I don’t really have anything for this line, I just felt like I should probably mention the President’s national broadcast. Nothing to add that hasn’t been said really, just reiterating that it’s idiotic. Here, I suspect wisdom is at once simple and unachievably mysterious: don’t be an idiot.


Anyway. I’m driving to Chicago today, for a non-spontaneous but unnecessary journey that I think may brush the edges of difficult but should mostly just be enjoyable. The roads themselves, given the weather of late, may be a little more treacherous. But I scouted out a little yesterday and they seemed well-cleared already and the forecast is on my side, so I don’t anticipate any shenanigans in that department.

Here’s hoping. May we all have such balanced, three-pronged wisdom.

 

Such Sunrises as Have Not Yet Been Seen

Happy New Year! It’s 2019, for good or ill. I had a pretty low-key celebration but I’m all about that so it worked. I hope the year is off to a good start for you but even if you’re in a tough place, it’s only January– plenty of time for things to turn around. See what I did there? Best of both perspectives.

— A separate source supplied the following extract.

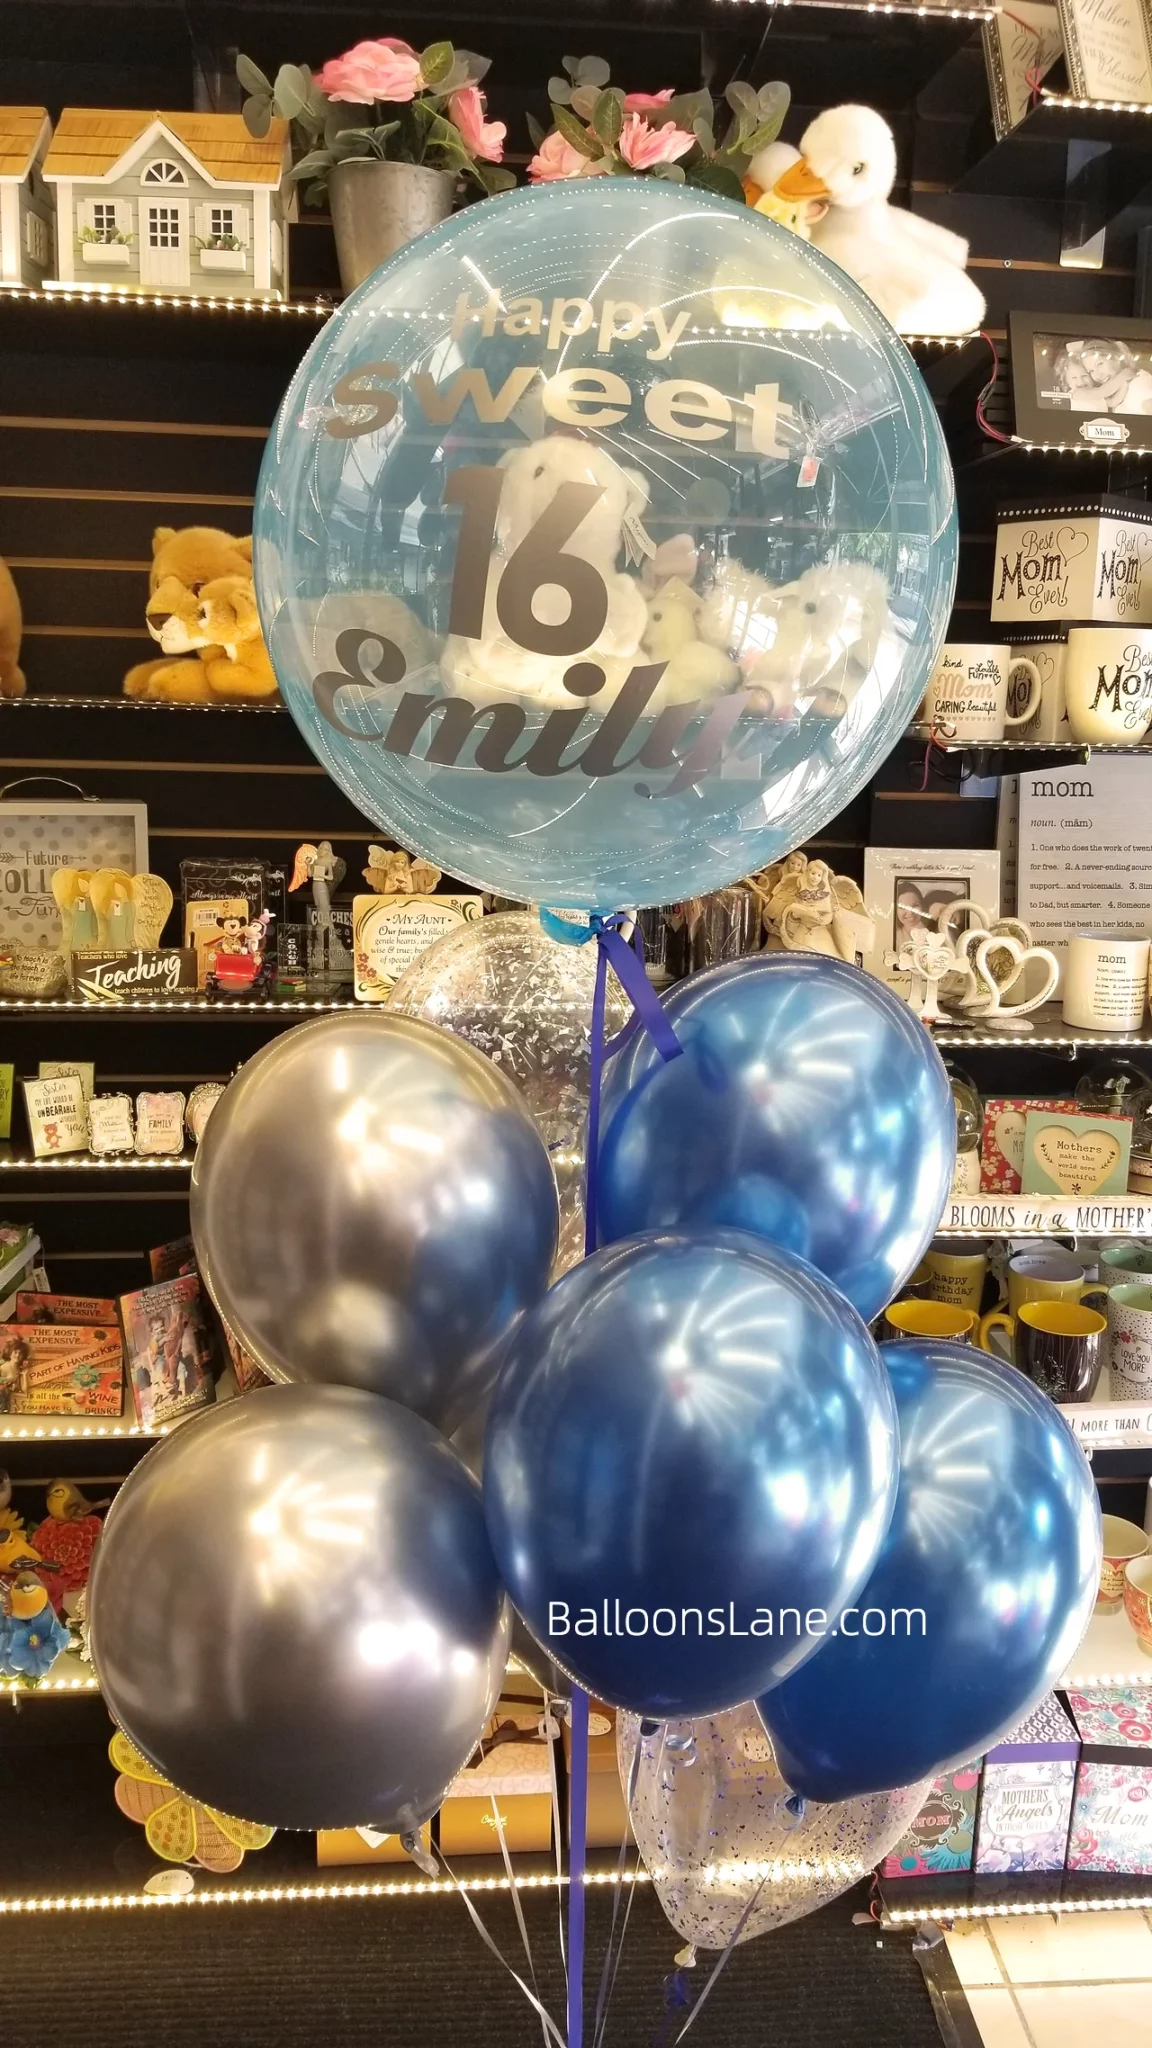 A customized clear balloon bouquet with blue and white balloons, accompanied by blue confetti balloons
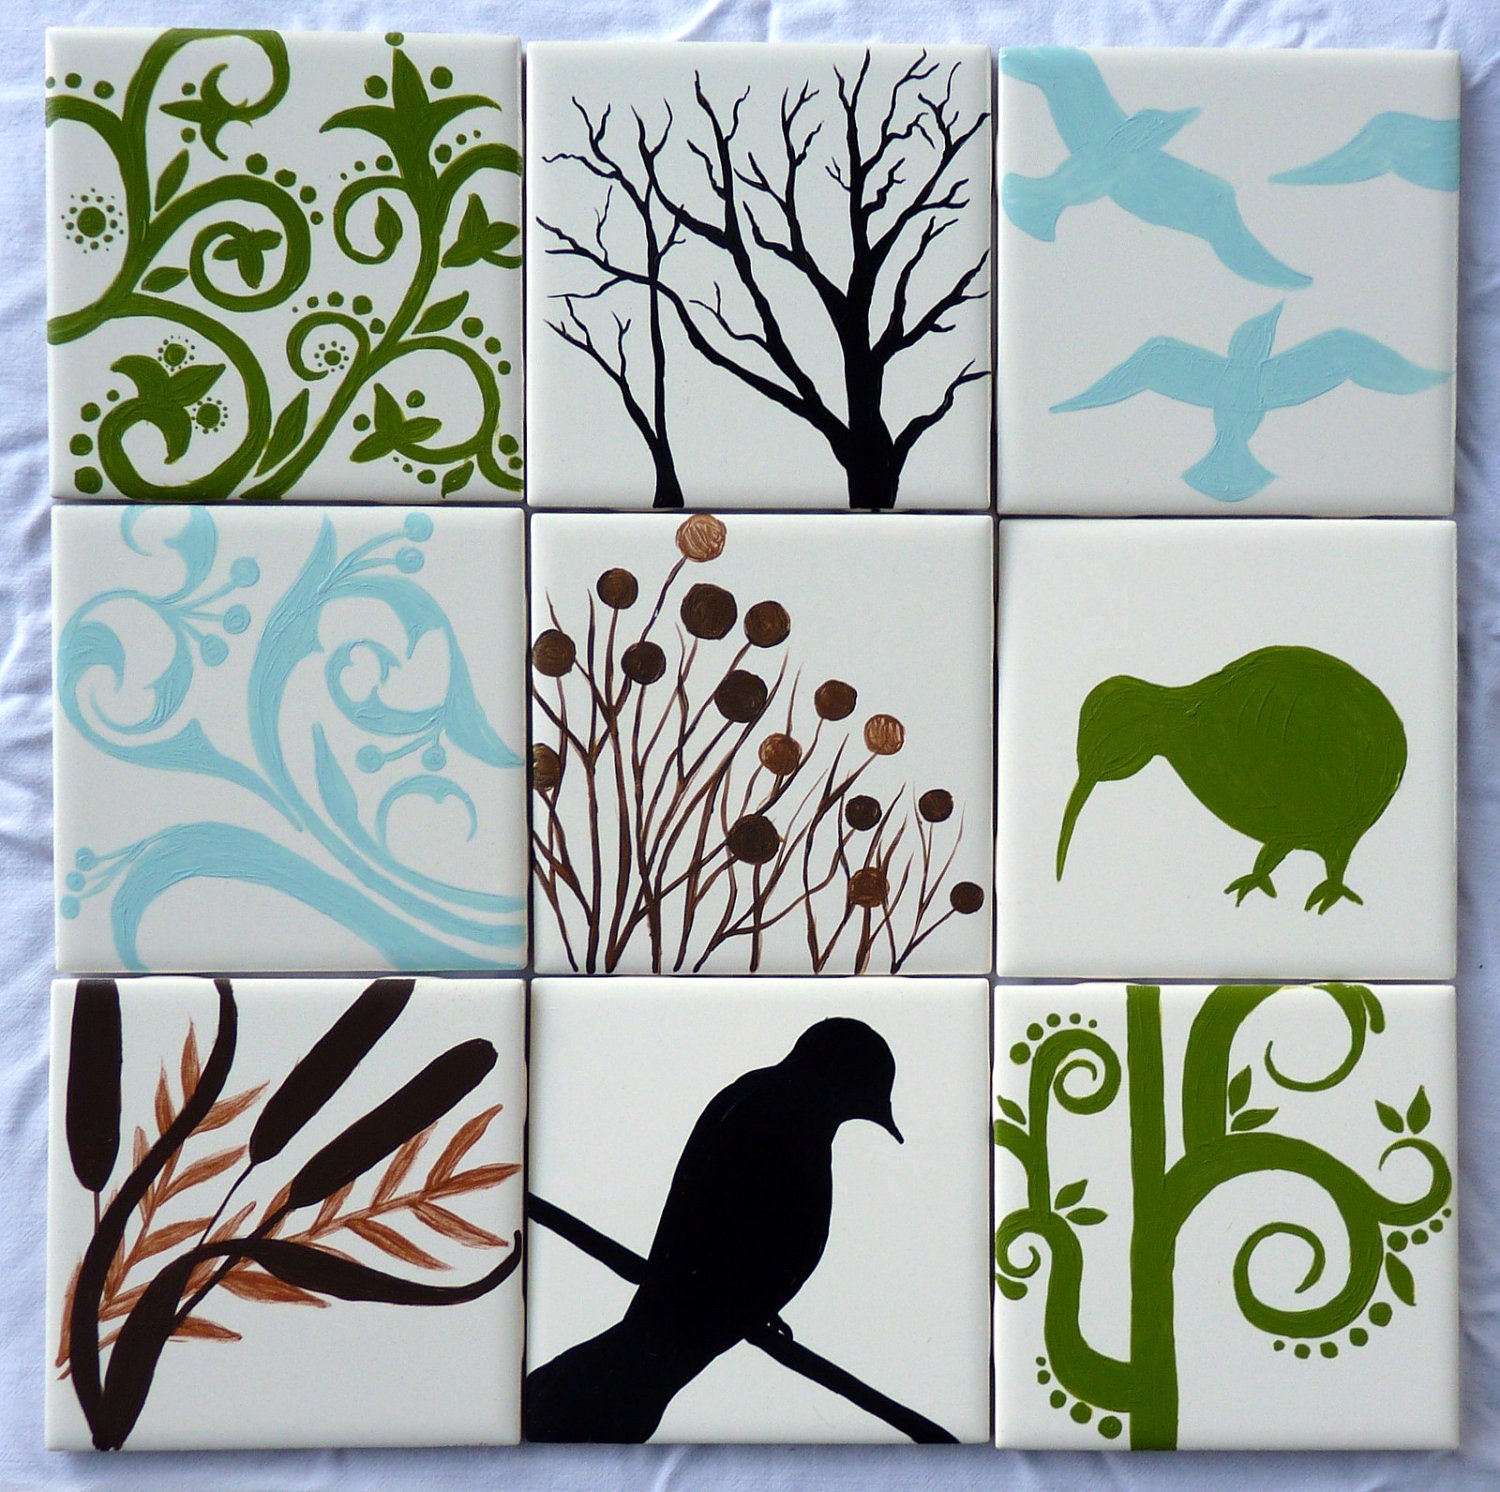 Set of Nine (9) Nature-Themed Hand-Painted Ceramic Tiles

The past year, as I said a bit last week, has been a bit of a whirlwind. It didn’t usually feel like that–the pace often seeming to be more like molasses–but I was on three continents! Two of them for quite extended periods. Five countries. Two jobs. There was a lot going on. I don’t really feel the need to reflect on it all that much again but I couldn’t avoid having a bit of a new year look back.

And once again, not a particularly clear idea of where I’ll be this time next year but whatever. It’ll be fine.

Before I go any further, it is of course important to start this twelvemonth with some very cute cats. Taking advantage of their uncle and aunt cats’ tree gifted to them.

Now that you’ve gotten a bit of a kitty fix, I will also share my baking adventure. Didn’t do a whole lot this Christmas but I did, just on Monday, make my first Yule log. Simple conception, kinda tricky execution, wonderful finished product, if I may say so. The recipe told us not to worry about the cracks, they add character, and I concur. A definite snow-dusted log of happiness. Such a lovely, airy, seasonal kind of dessert. I’d strongly recommend giving it a try. So long as you’re game to get stiff peaks in your egg whites.

Yes, it was very delicious.

I’m flying back to Michigan tonight, ensuring an adequate buffer between my return and the return of students on Monday. Plenty of time to readjust to Eastern Time, reacclimatize to the cold, and mentally prepare for the next six months. Yech, let’s not think that far ahead yet. June, what’s that.

Anyway. I’ve said before that I’m not really into resolutions and, surprise, I remain uninterested. All I’ll say, I guess, is that I hope each day to love more people more.

And this title, what’s with that. I don’t know, it sounded kind of poetic at the time and you know I’m a sucker for the poetic. But it’s true: each day is a day that has never happened before. Every moment of a moment of fresh opportunities.

Even when life is pretty mundane and pretty monotonous–that precise moment has never happened before, if only by reason of the date of its occurrence. And shouldn’t that be something to savor? I’m no advocate for change in life because change is hard but newness, that’s something I can get behind. Not necessarily to do new things or go new places, though those are good as well. But to do the same things in the same places and still feel that they can be new.

It is good to cherish the new, I think, and good to recognize the new in the familiar. Value time itself; it will not come again.

The sunrise can be beautiful for its color and majesty, of course. And there’s something incredible unique about each one, from each place you may stand to view it, for each second it lasts. Not something that can truly be shared, even with the most talented photographer.

Time is a weirdo so we should probably live and love in the moment. Each one is precious and can take you anywhere. I’ve no idea what adventures may await me but I’m confident that they are indeed awaiting. I’ll keep an eye out and let them take me by surprise all the same.